Give your mentee absolute confidentiality
Other than the normal things that can’t stay confidential (like the potential for harm to themselves or others, serious misconduct, breaking the law and so on), your mentee should have total faith that what goes on in the room stays in the room. I find it helpful to be absolutely explicit about confidentiality (thanks medicine).
It’s always worth exploring why someone wants something to stay confidential between the two of you. Sometimes you can help mentees overcome built-in resistance to the principle of being more open with other people; it can be in their interests to be slightly more open than they might naturally be comfortable with. After all, no one can do them any favours if no one knows what they want. But exerting any (and it must be gentle) force here takes tact and judgement. Don’t assume that sharing is always better if only they’d agree to it.
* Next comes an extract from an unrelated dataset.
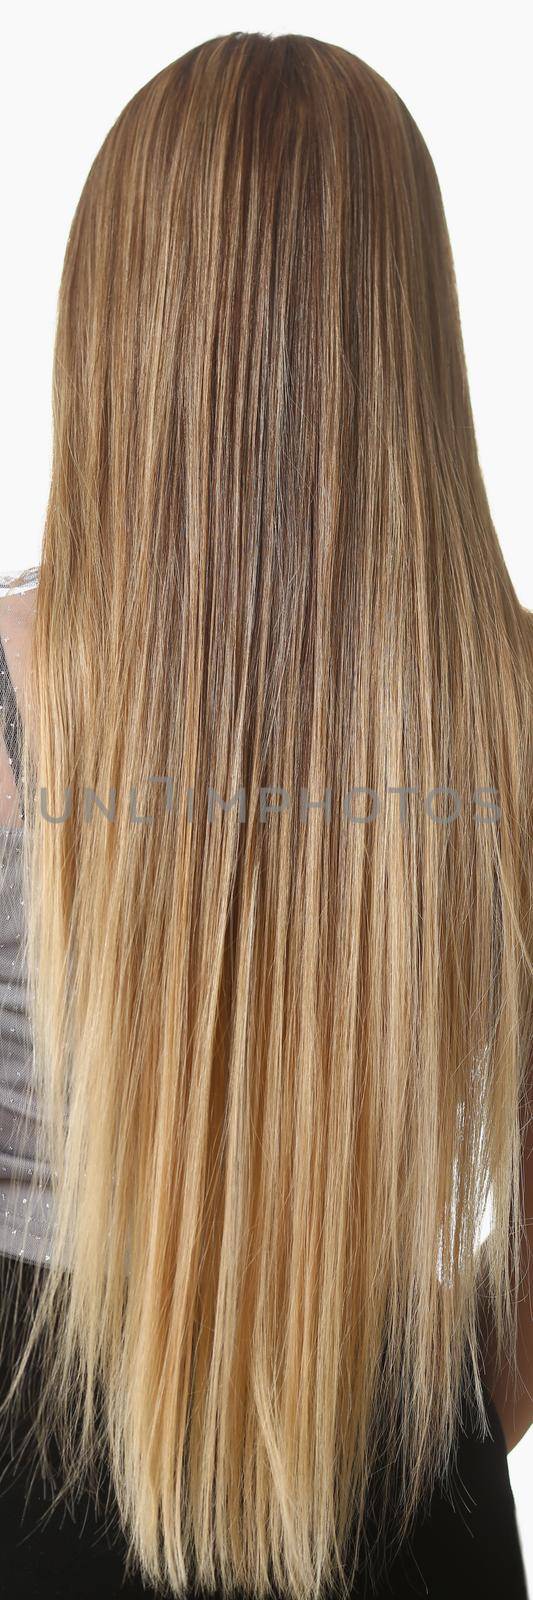 Womans back and long luxury shiny blonde hair, female after beauty salon by kuprevich

Putting your mentee’s needs at the centre of the relationship means taking each person in their own context and doing the right thing by them.
Give your mentee criticism from a place of love
This is absolutely your job, and you’re letting your mentee down if you shy away from telling them things they need to hear simply because doing so is hard. Done right, criticism and pushback are gifts. But your communication skills, empathy and basic human decency need to be on point.
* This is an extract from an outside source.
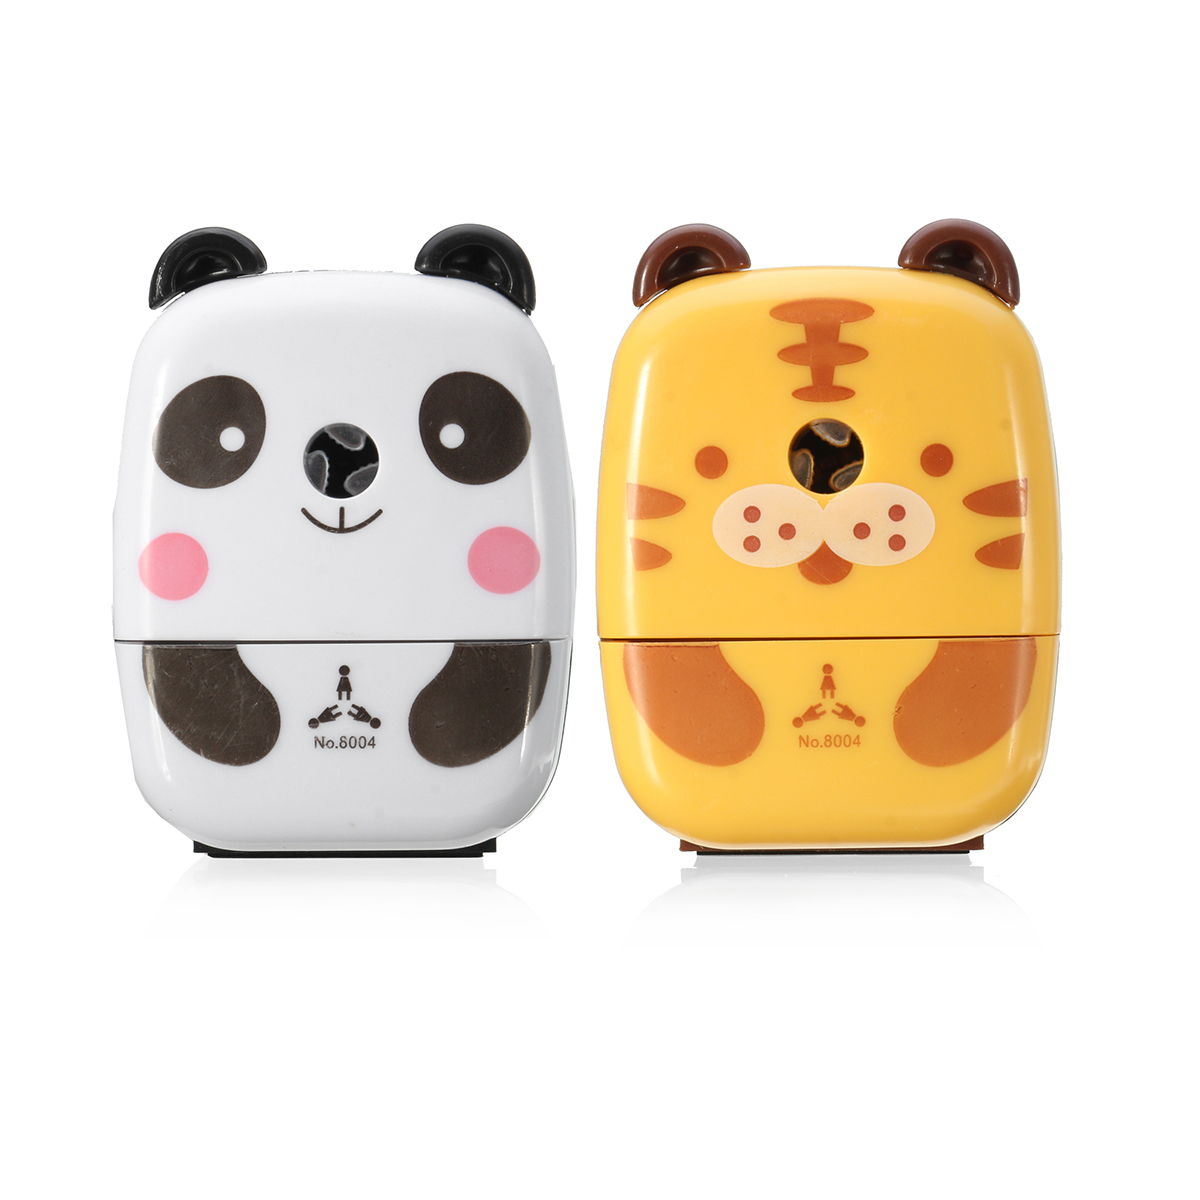 

Practical Tiger Panda Animal Shaped Mini Manual Pencil Sharpener Gifts Office School Students Stationery Supplies

There’s a whole other article in here about how to seek and give feedback effectively and humanely, but the simple truth is that you just have to get it done, whatever it takes. You need to be accurately empathetic to your mentee’s internal world in order to give effective loving criticism. This takes work. If you’re not properly bought in, the trust between you is compromised, and at best your advice won’t land and at worst you could really hurt someone for no gain.
If your motivations aren’t right when it’s time to offer someone difficult feedback, then don’t do it, and consider getting them a new mentor pronto (or at least find someone else who can have the difficult conversation in hand). You should only put people through difficult things if you care about them, and have a relationship based on honesty and empathy to build on.
——
That’s all from me for now. You can tell that relationship building is something I’m truly passionate about, so please come and talk to me if the same goes for you, whether you agree with what I’ve said or not – in fact especially if you don’t. And if all I’ve achieved with this article is you thinking “God, I don’t want to be that kind of mentor” then great, go forth and be a different kind of real human person! And then please come and tell me all about it.
[1] I have one mentee who regularly requires a 40-minute debate to concede that logically there could be something to be gained by trying whatever it is I’m suggesting. What the actual thing is that I’m suggesting never matters here.